Hence, to have a diversified portfolio with exposure to all sectors of the economy, you should invest in a combination of large, mid, and small cap funds.

Build a Diversified Portfolio to Achieve Your Financial Goals

We have discussed the meaning of large, mid, and small cap funds, their differences, and why you should have all three in your investment portfolio. But which large, mid, and small cap funds should you select and what should be the proportion of each category in your portfolio? 

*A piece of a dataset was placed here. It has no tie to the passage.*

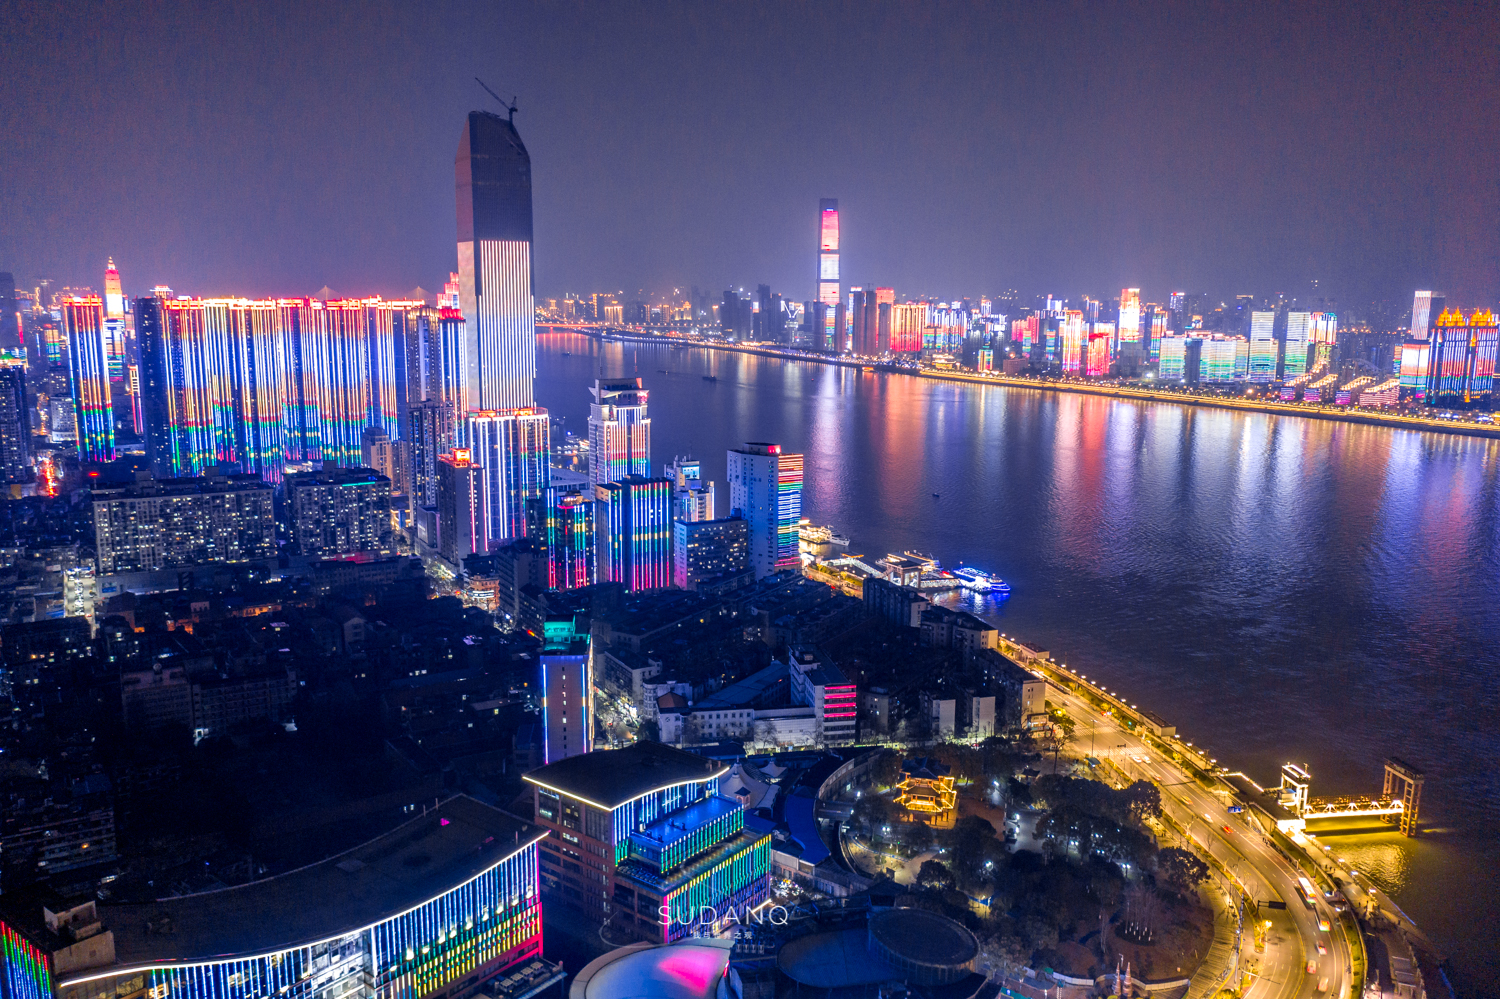 原创武汉夜景能全国排名第几仅一座彩虹桥就美得令人叹为观止

To understand this, you should work with an investment expert. They can help you list your financial goals, prepare a goal plan, and recommend the appropriate large, mid, and small cap funds to achieve the financial goals. Along with the mutual funds’ recommendation, they can do the regular review to track the progress, and handhold you throughout the financial planning journey till the financial goals are achieved.

FAQs

What Are the Options for an Investor to Invest in Large, Mid, and Small Cap Mutual Funds?

An investor can invest in large, mid, and small cap mutual funds in the following three ways: active funds, index funds, and exchange-traded funds (ETFs). Active funds and index funds offer the systematic investment plan (SIP) route. In an active fund, the fund manager decides which stocks to buy and sell, the quantity, and the price. The fund manager aims to outperform the benchmark with active management.

In an index fund, the fund manager invests in all the benchmark index constituents as per their weightage in the index. Index funds have the benefits of low cost, simplicity, and benchmark returns (after accounting for expense ratio and tracking error).

Which Indices Can Provide an Investor Exposure to Large, Mid, and Small Cap Stocks?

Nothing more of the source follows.